■ YOUR TASK: Any picture in the range stays out of the copy; retype exactly the lines from the one with "Metallic taste and breast cancer 3" to the end of the listing.

■ COLLECTED DATA:
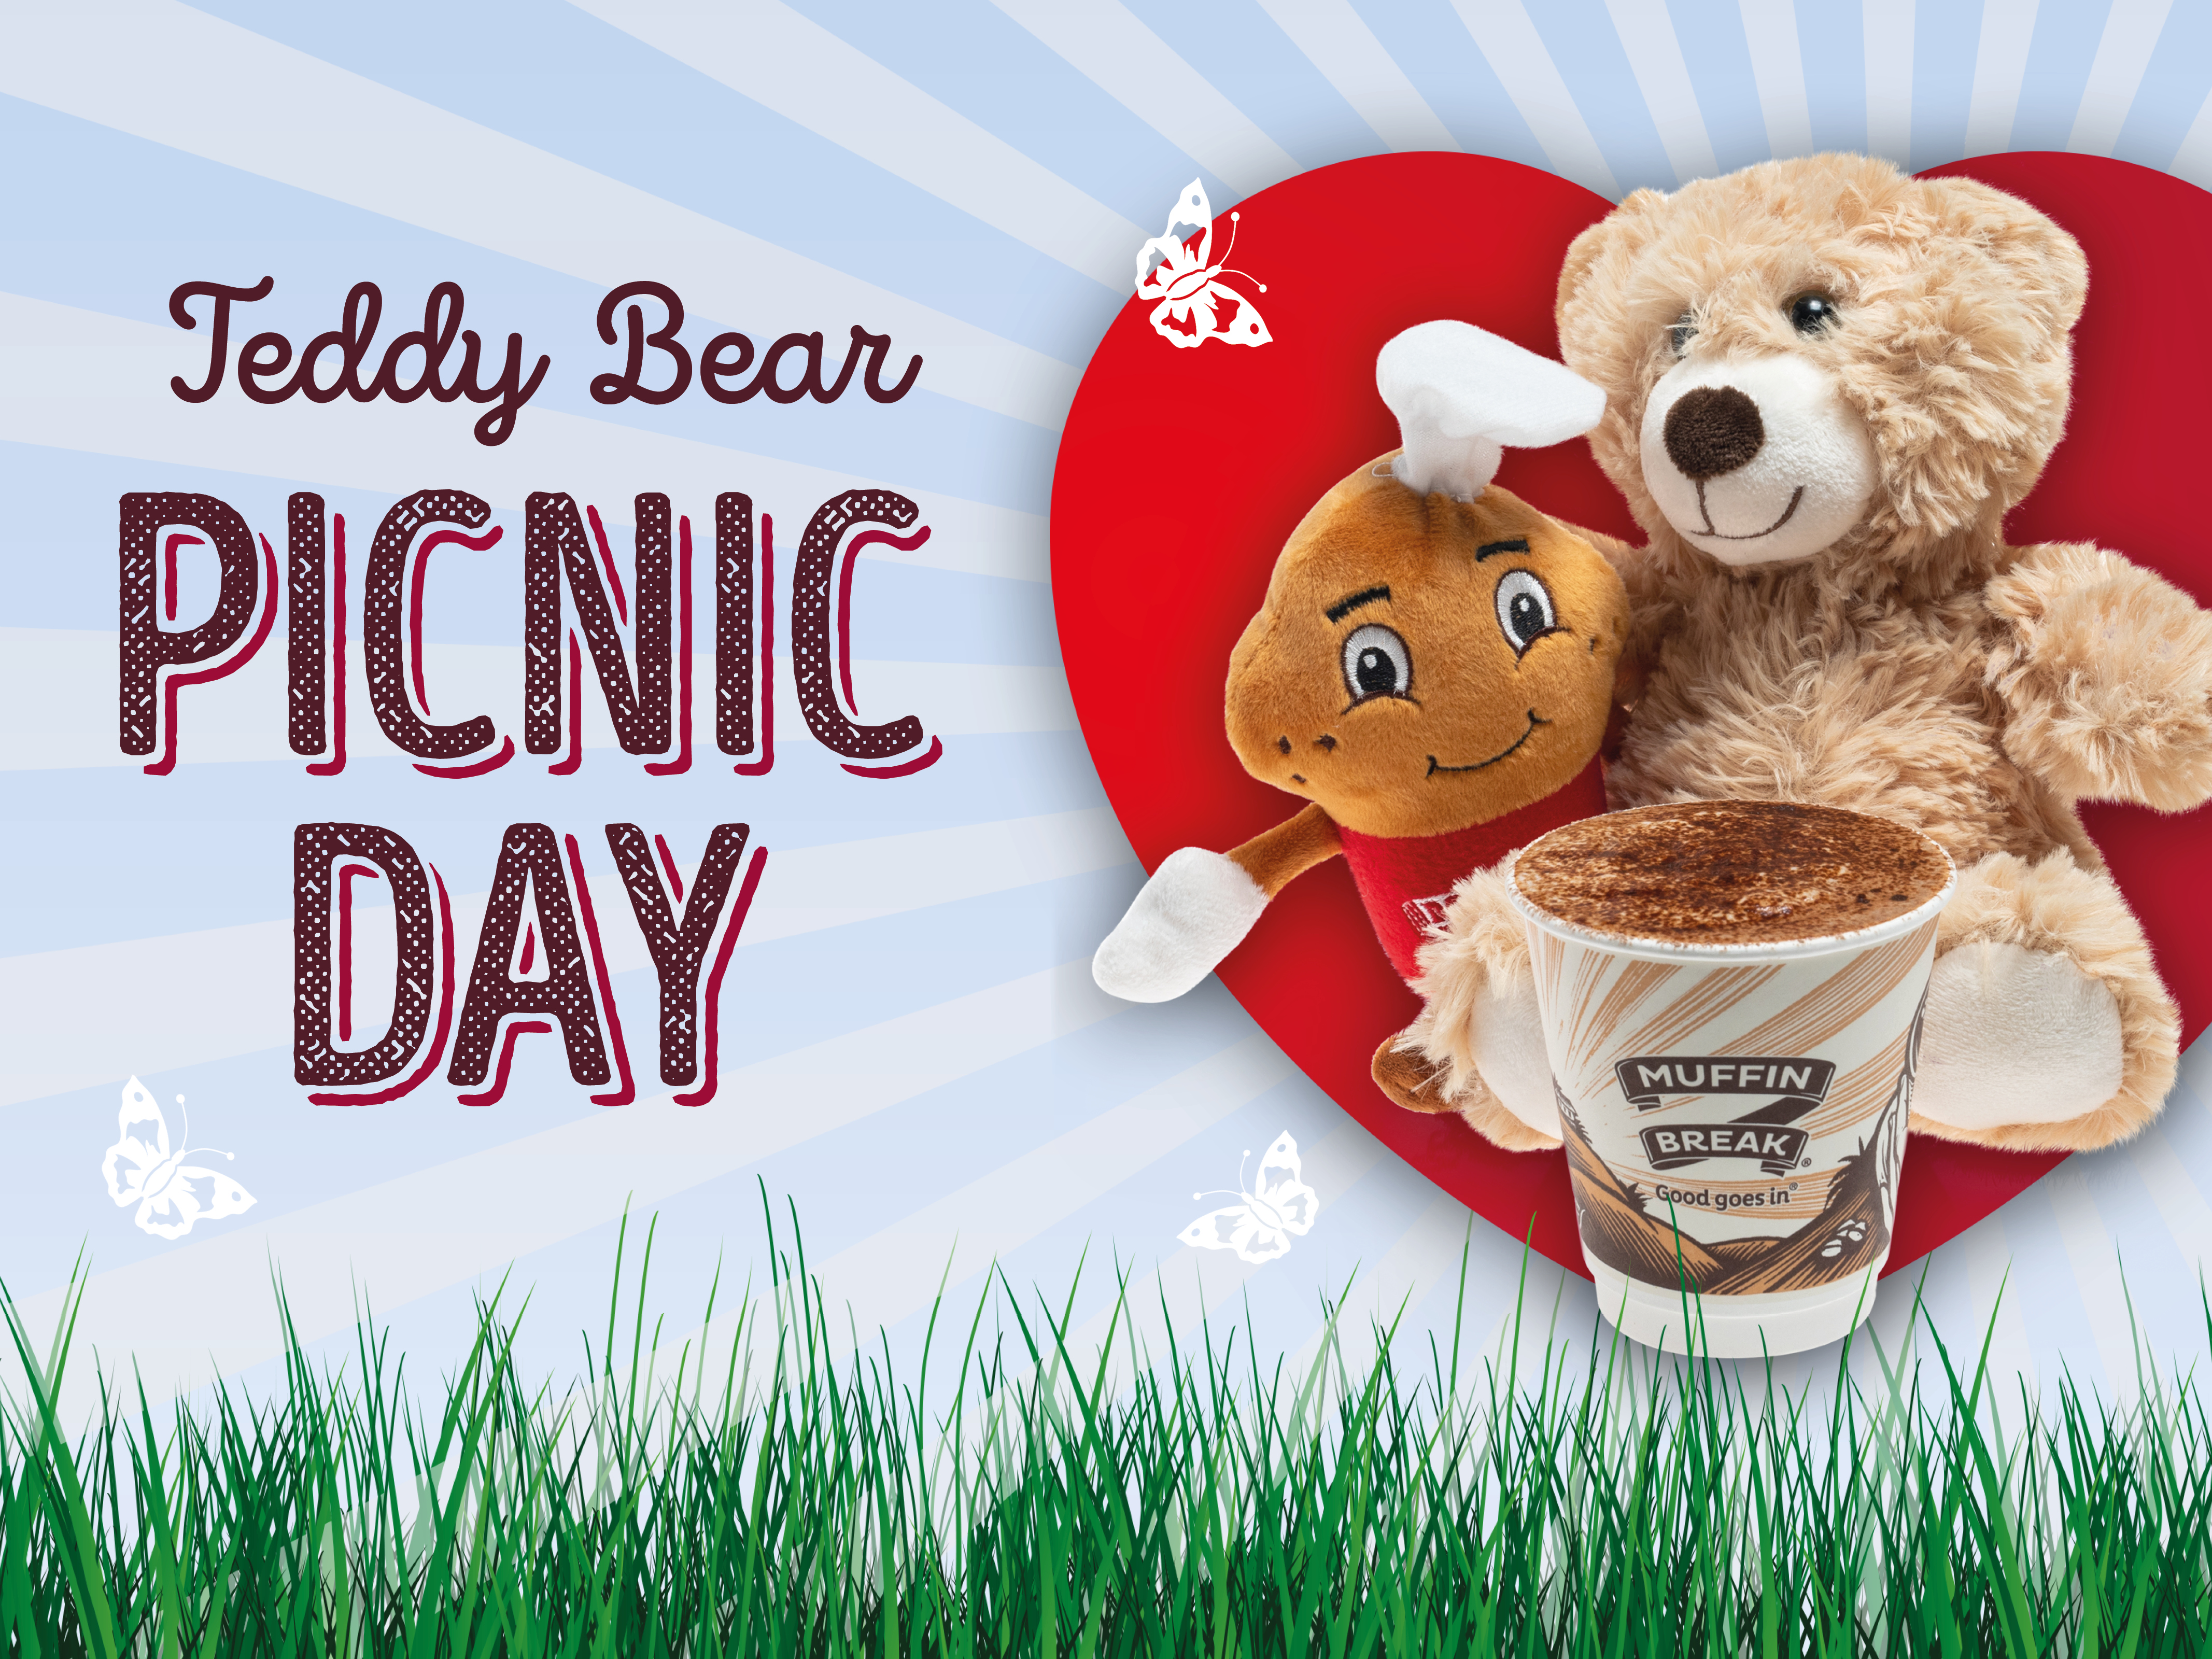 Teddy Bear Picnic Day Muffin Break New Zealand
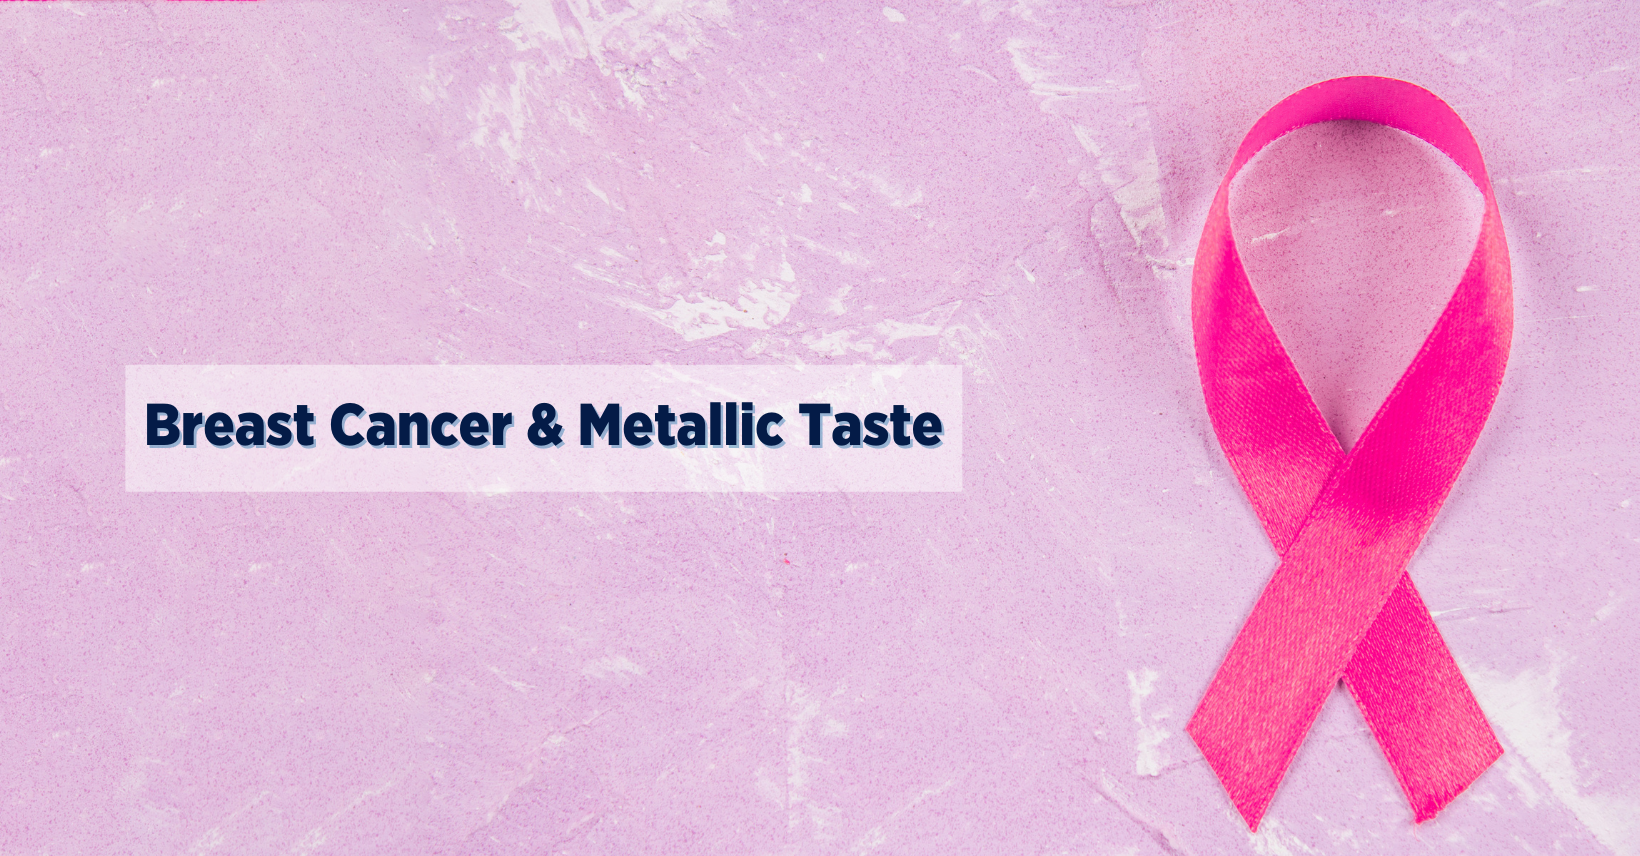 Metallic taste and breast cancer 3
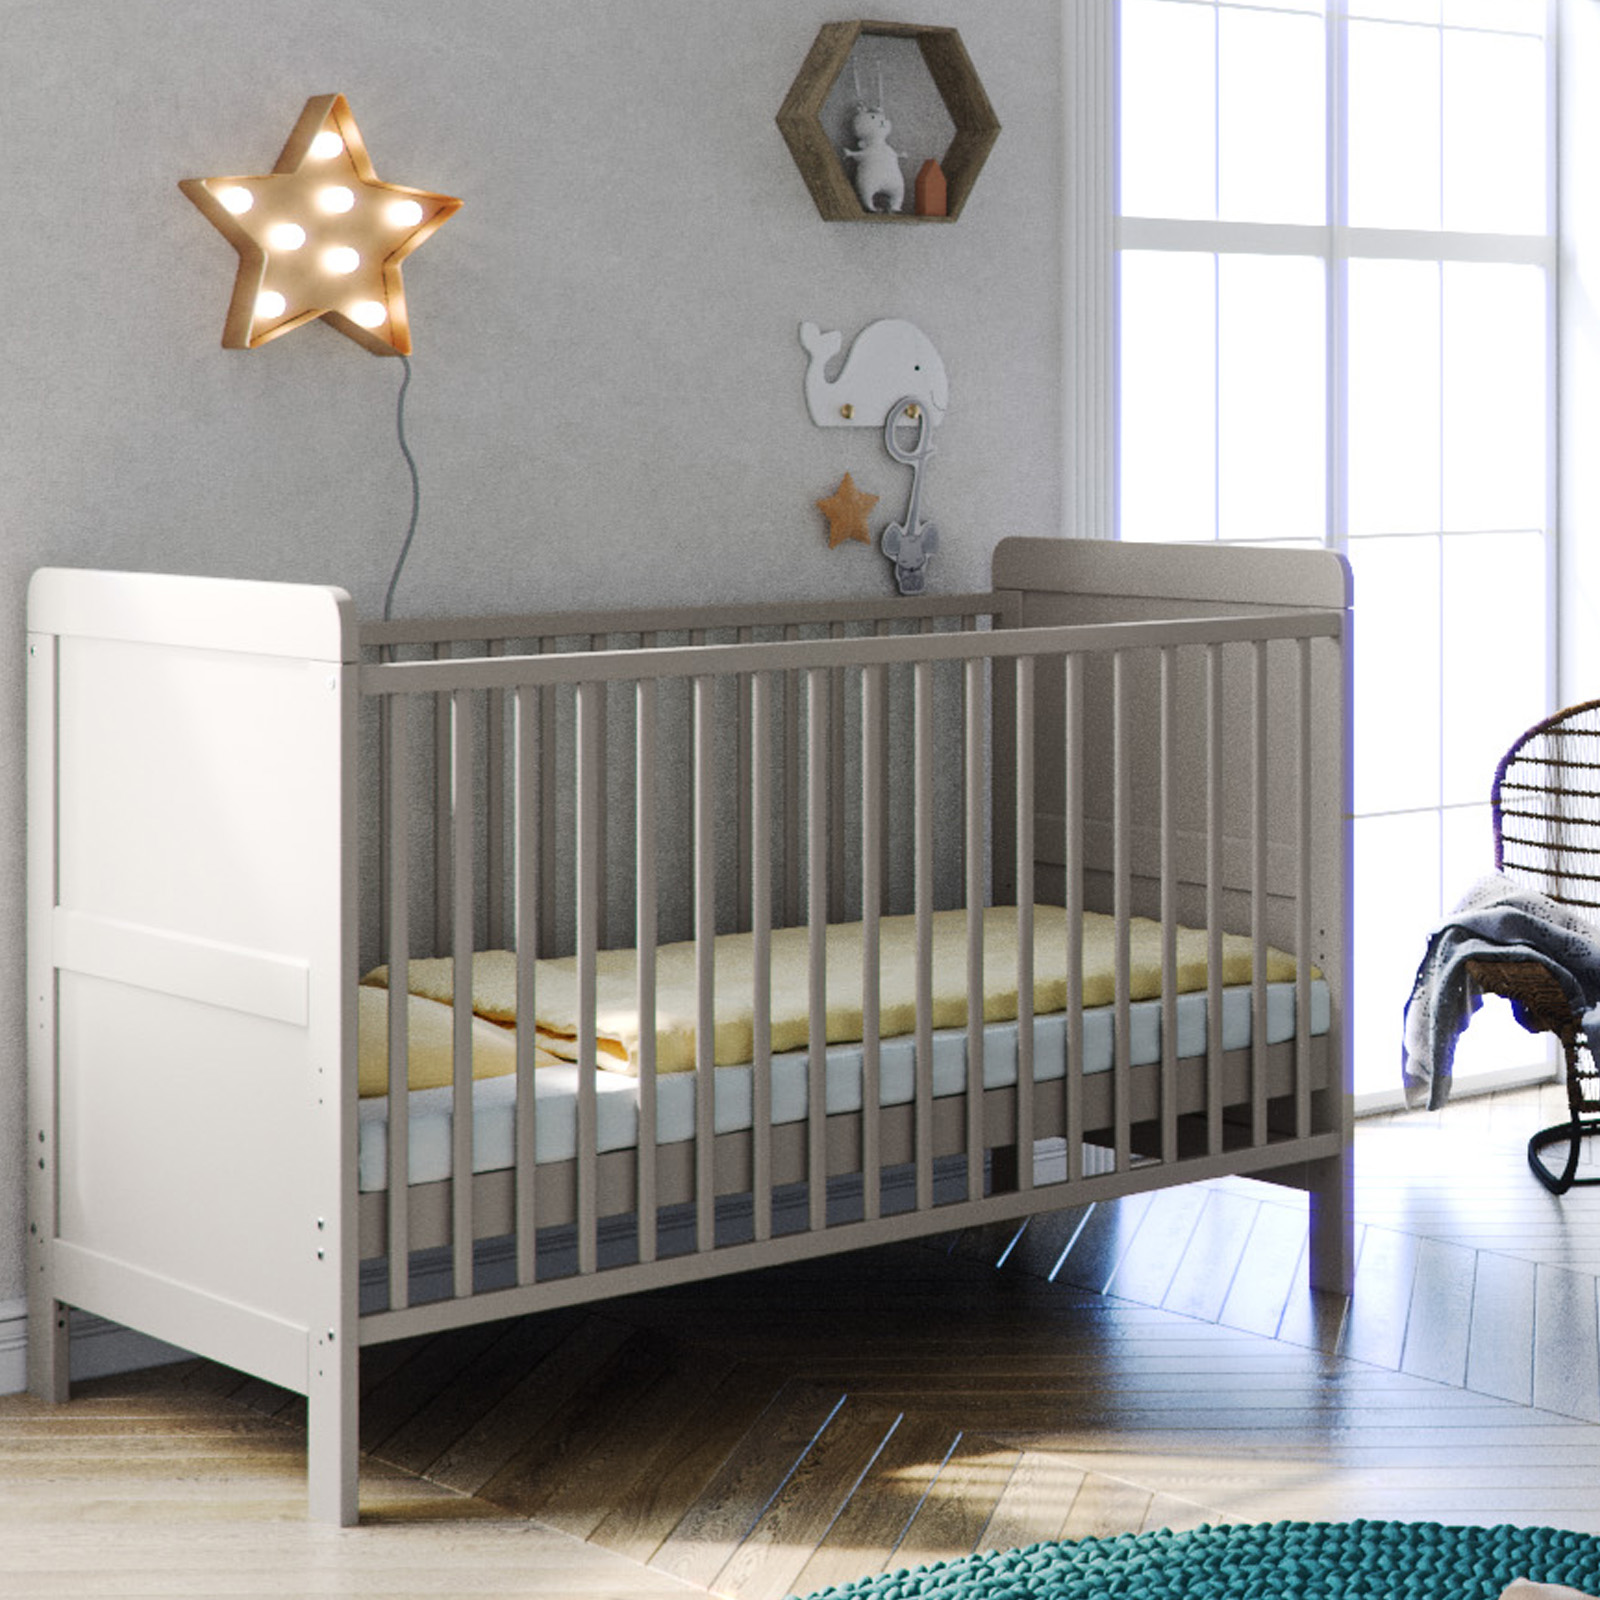 Little Acorns Classic Milano Cot Bed with Deluxe Fibre Mattress - Light Grey

■ WRITTEN ANSWER:
 Metallic taste and breast cancer 3
 Little Acorns Classic Milano Cot Bed with Deluxe Fibre Mattress - Light Grey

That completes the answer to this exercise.